Le Mensuel : De plus en plus de mineurs étrangers isolés s’installent en Ille-et-Vilaine. Certains sont bien connus des services de police. Distinguez-vous des mineurs qui sombrent dans la délinquance devant la difficulté à survivre seuls en France ou est-ce des jeunes qui viennent ici pour vivre de la délinquance ?

PATRICK CHAUDET: Clairement, les jeunes auxquels la police rennaise à affaire viennent pour vivre de la délinquance. Ils refusent l’aide du conseil départemental. Ils ne restent pas dans les foyers. Au premier feu rouge, ils descendent de voiture ! De temps en temps, ils profitent de nuits d’hôtel ou de bons pour manger. Ils ne veulent pas se faire assister. Ils logent dans des squats ou chez des amis. La voie royale pour eux est de séduire une jeune femme, de lui faire un enfant, et d’habiter chez elle. Ces jeunes sont très souvent violents. Leurs interpellations sont souvent agitées. Ils ne respectent ni la police, ni la justice.

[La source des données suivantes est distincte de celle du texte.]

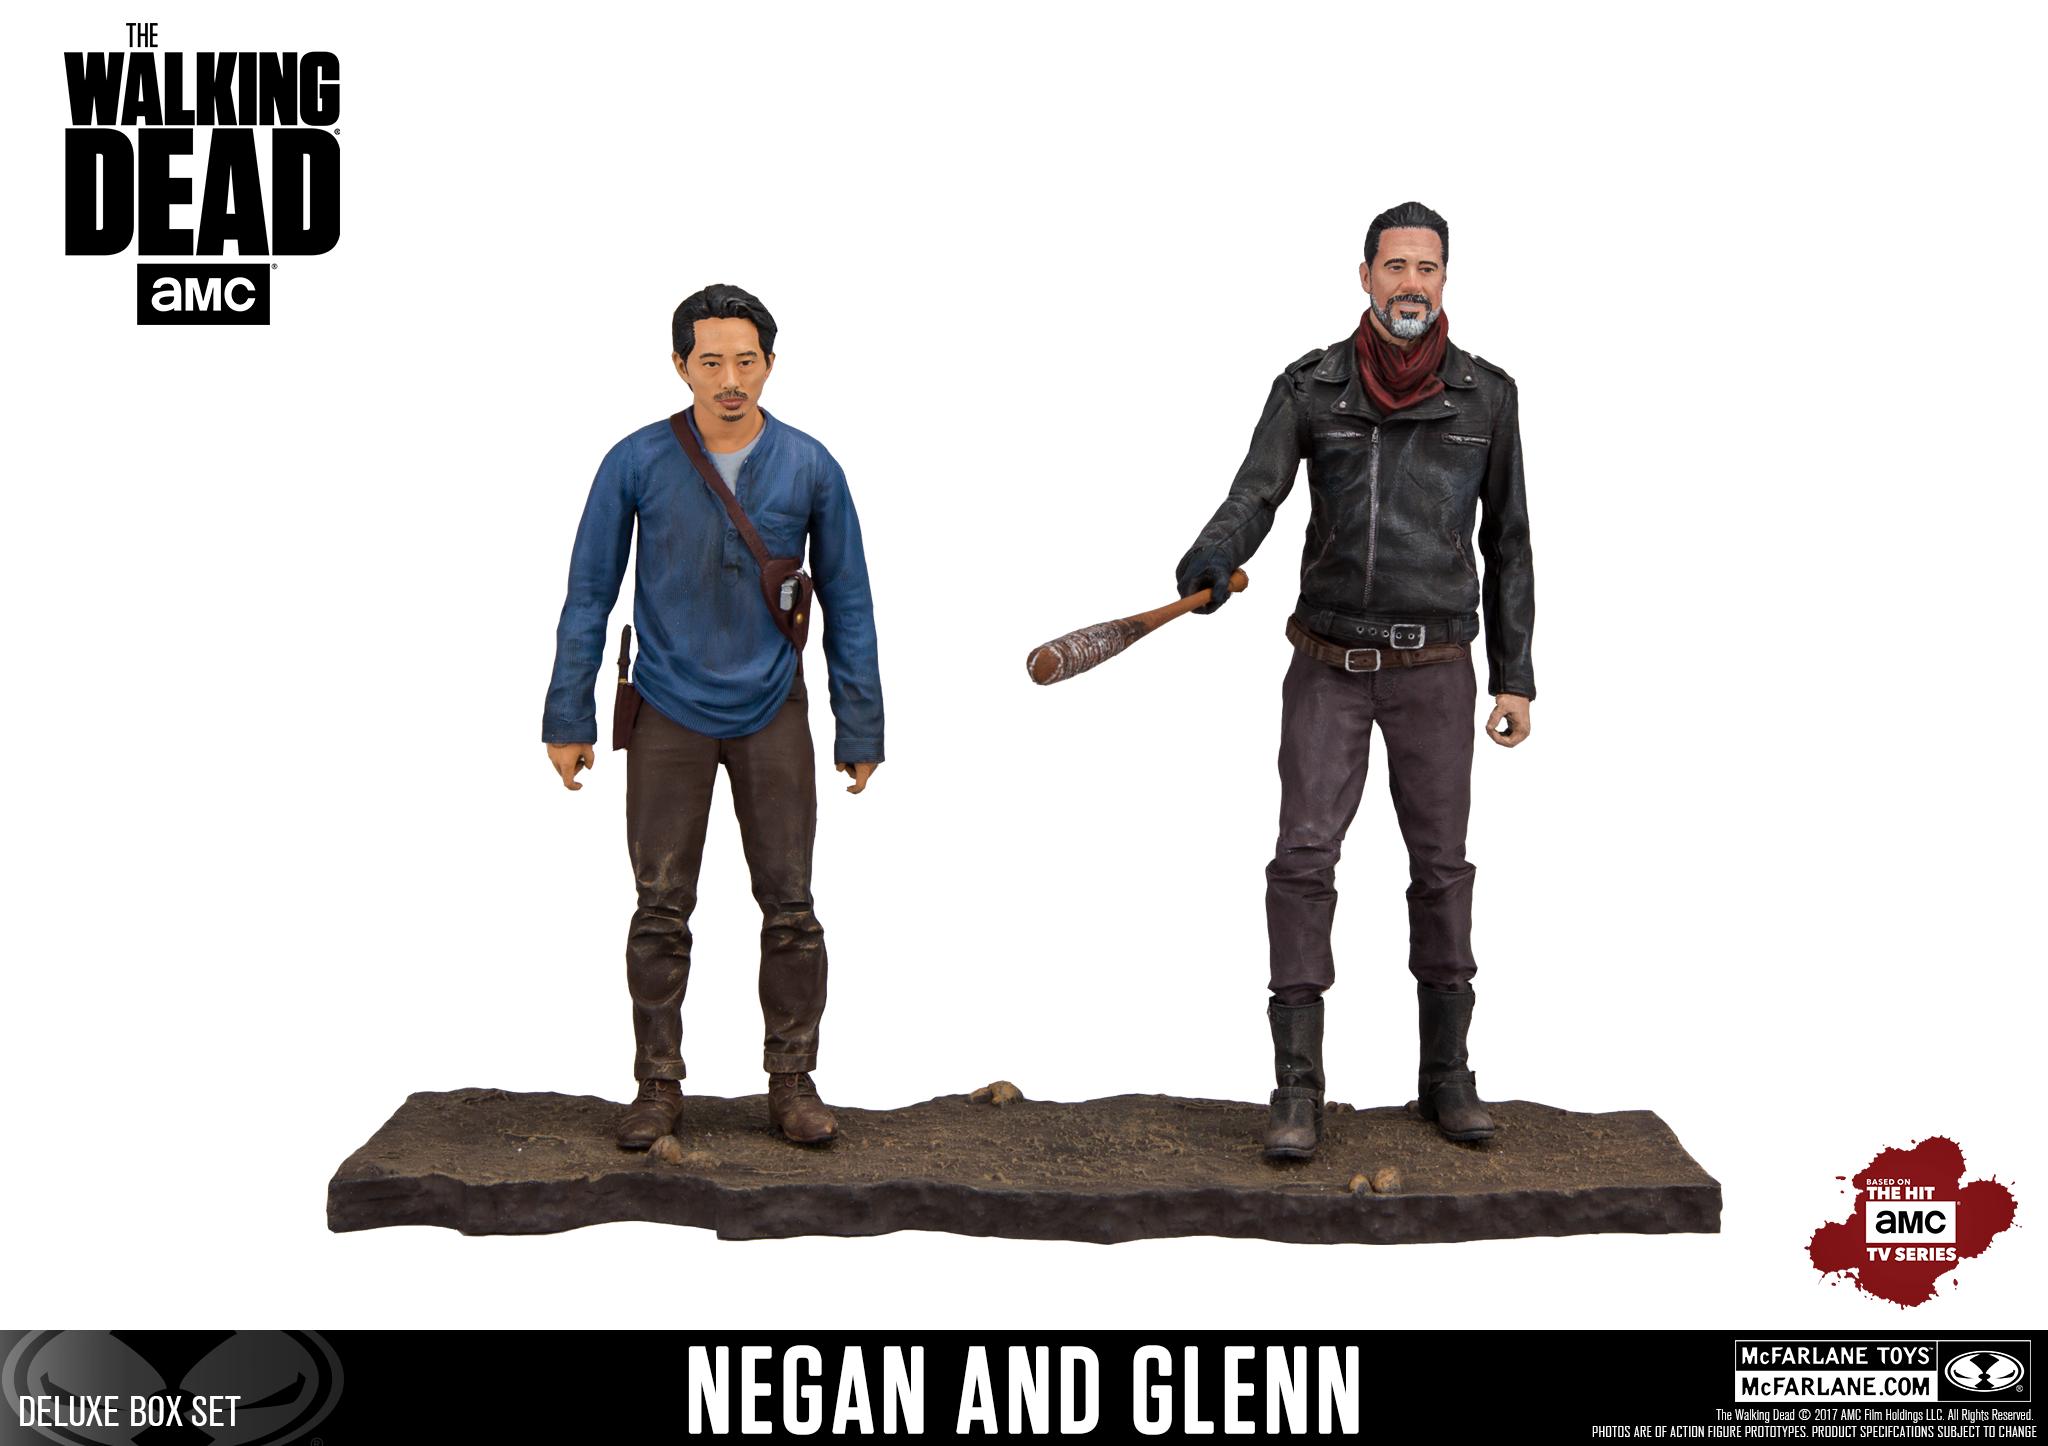 Negan and Glenn slugged

A Rennes et plus généralement dans l’ouest de la France, quelle est l’ampleur du phénomène ?

En ce moment, à Rennes, une petite centaine de mineurs étrangers isolés posent problème. Ils sont probablement entre 80 et 100. Ce sont des jeunes très mobiles. Après des démêlés avec la justice, ils quittent la ville. On les retrouve ensuite à Nantes, Bordeaux, Quimper… Dans l’ouest de la France, fin décembre 2015, il y avait 90 mineurs isolés étrangers qui posaient problème en Maine-et-Loire, 90 en Vendée, 71 en Finistère, 250 en Loire-Atlantique, 80 en Ille-et-Vilaine et 22 dans le Calvados. Cela fait près de 600.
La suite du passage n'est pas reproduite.